I'm not saying it's not possible for a Siberian Husky to look after livestock (I wrote about a random mutt my grandma started using as an LGD when she got really old in another thread), 
but I look at it like this: if certain breeds have been bred to be LGD's for hundreds of years, why get a breed that has been bred for a completely different job? 
But again that's just how I look at it, especially if there are large predators in the area



Really great post Roll farms.

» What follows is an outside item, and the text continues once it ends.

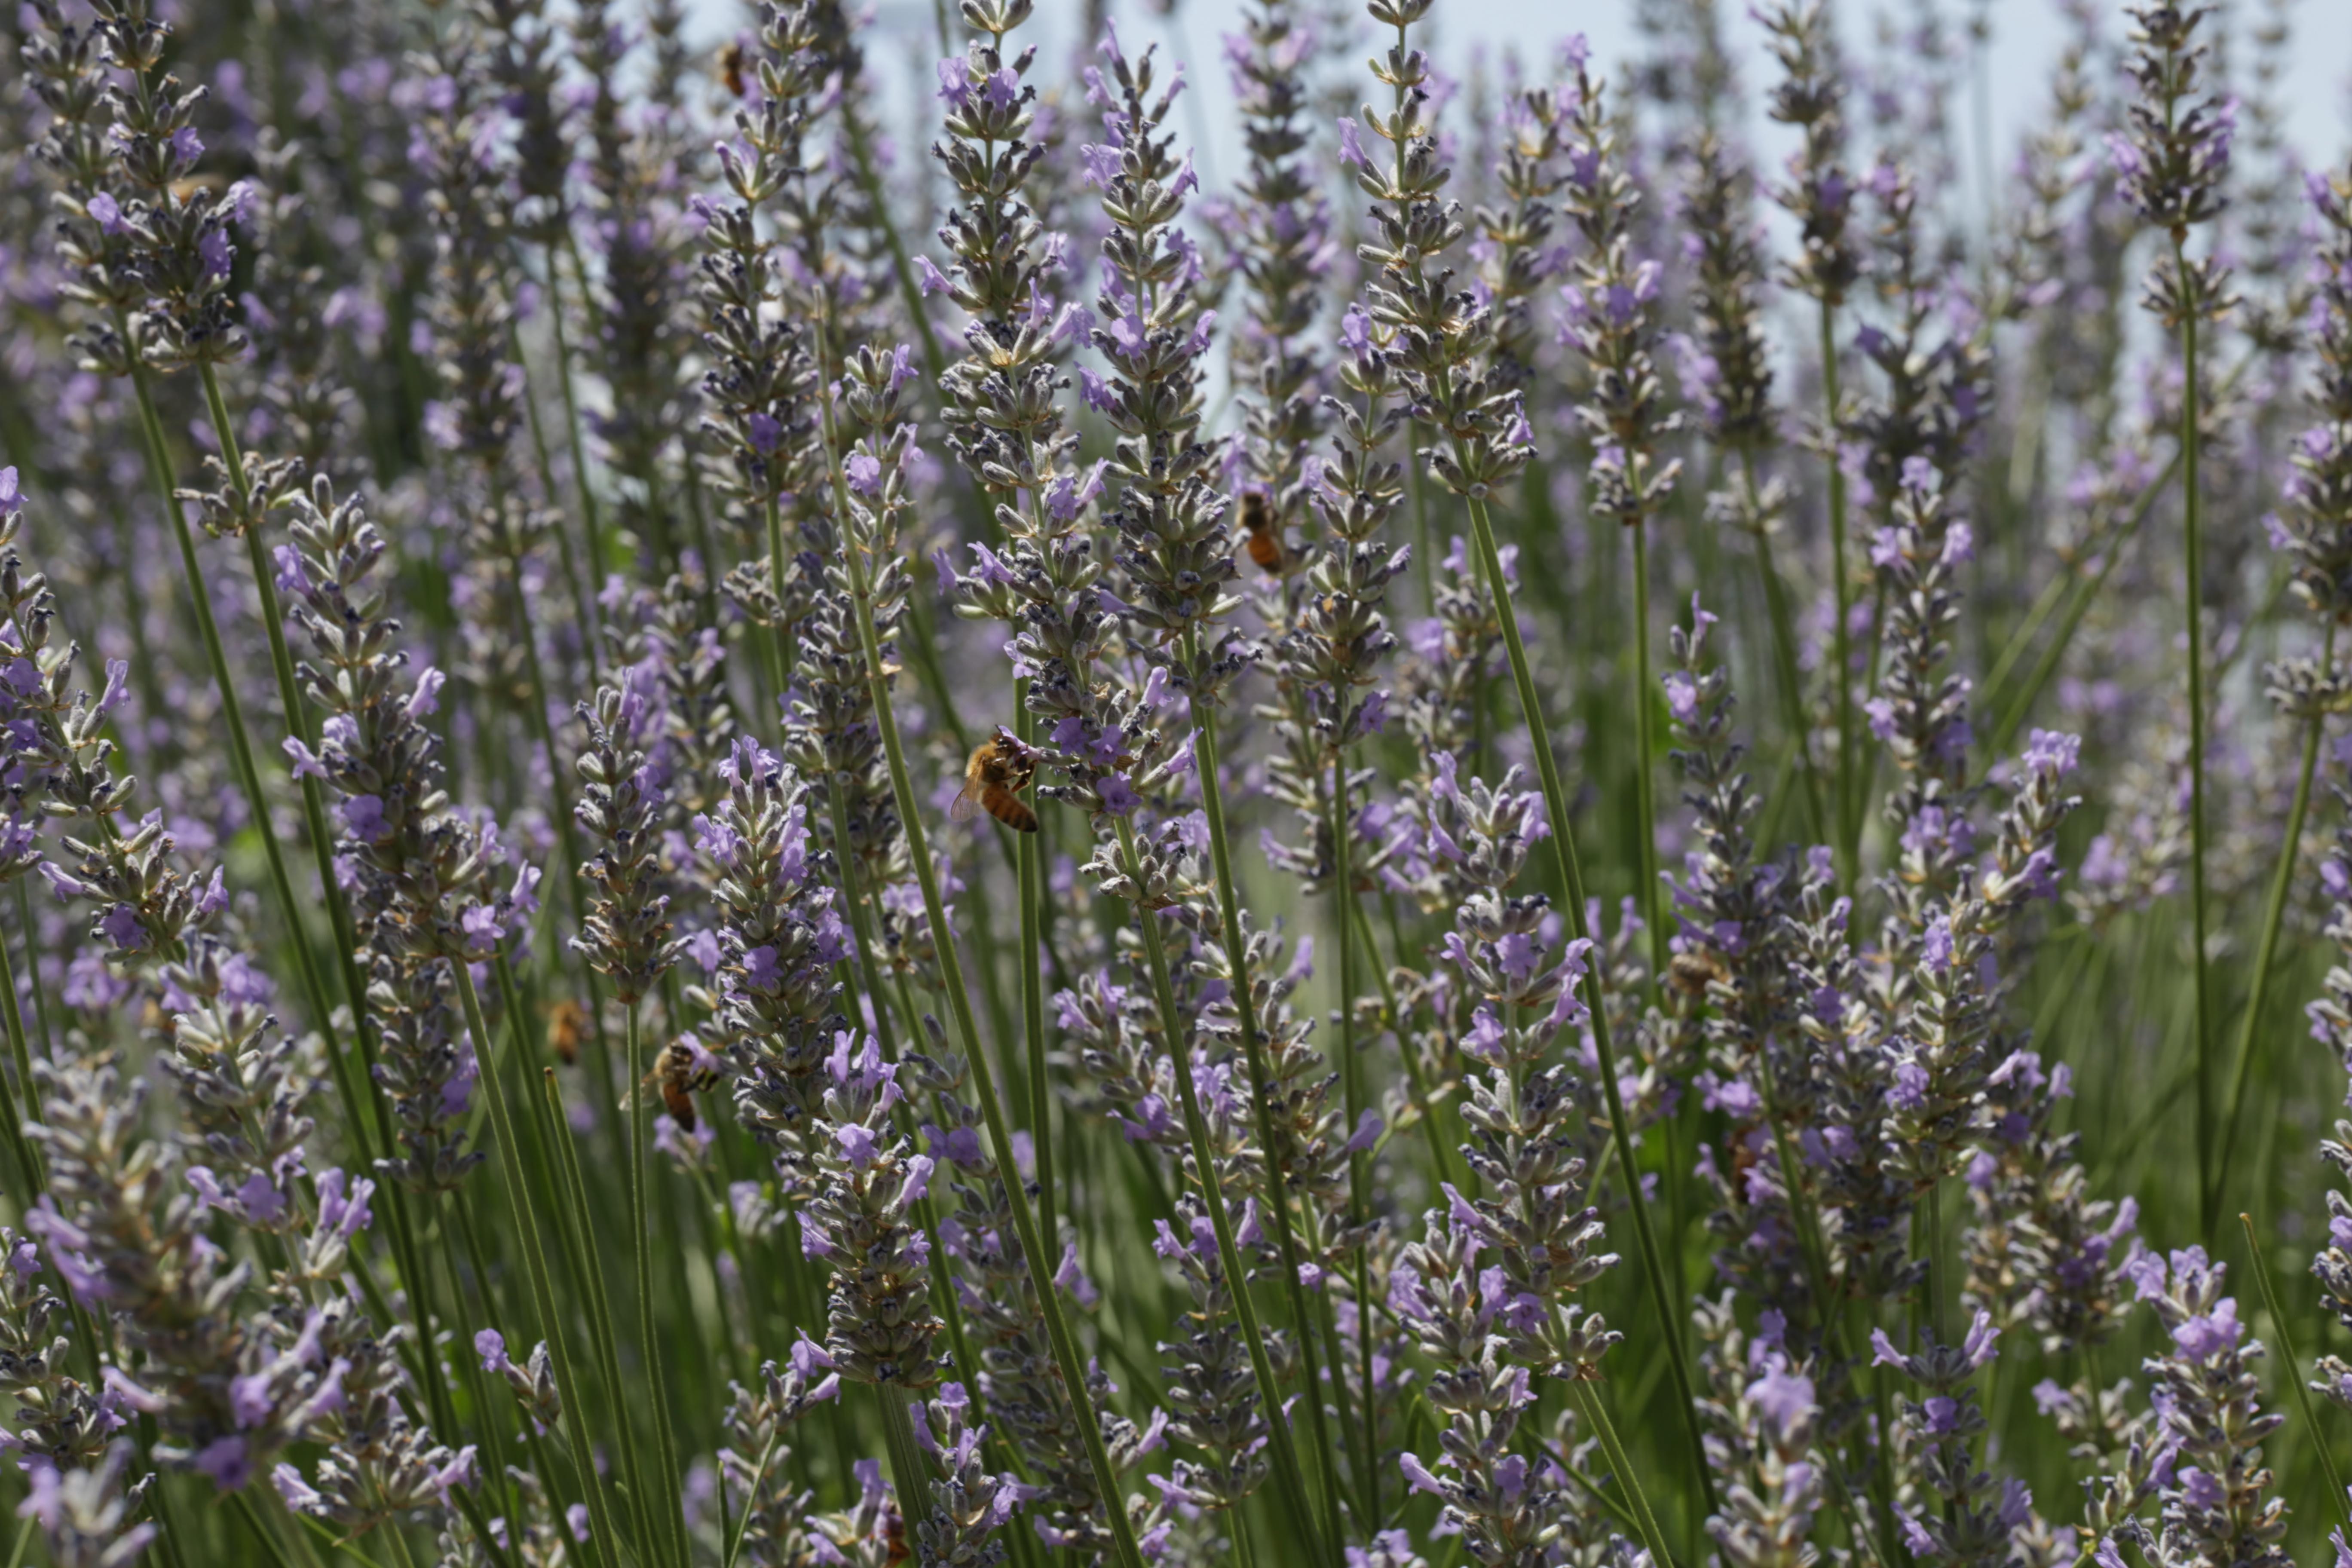 Honey Bees on lavender flowers.

Your post is so clear and so easy to understand, it might very well be turned into a "sticky"


----------



## poorboys (Aug 20, 2012)

I agree with the post here, when one of my dogs welps, they are in with goats, that way they get use to them, but for the kid pen their is a adult ldg in with them.. I put my only pup in when she was 3 months old in with the older ldg's and they taught her, they were all in with adult does, and roll's right they will slam them when it comes to rough play. my chicks are in a different area penned in, no contact with the ldg's but haven't lost one. young pups will hurt kid goats. their training is in insticnt within their bloodlines. you get a mix and then you don't know what you have has far as tearperment. sorry about spelling here. but all your firm No's get heard! just keep working with her.


----------



## Grazer (Aug 21, 2012)

Great post poorboys and congratulations on your new litter! 
Terrilhb, I hope all these tips posted on here will help you out and I hope everything will work out for you and all your animals


----------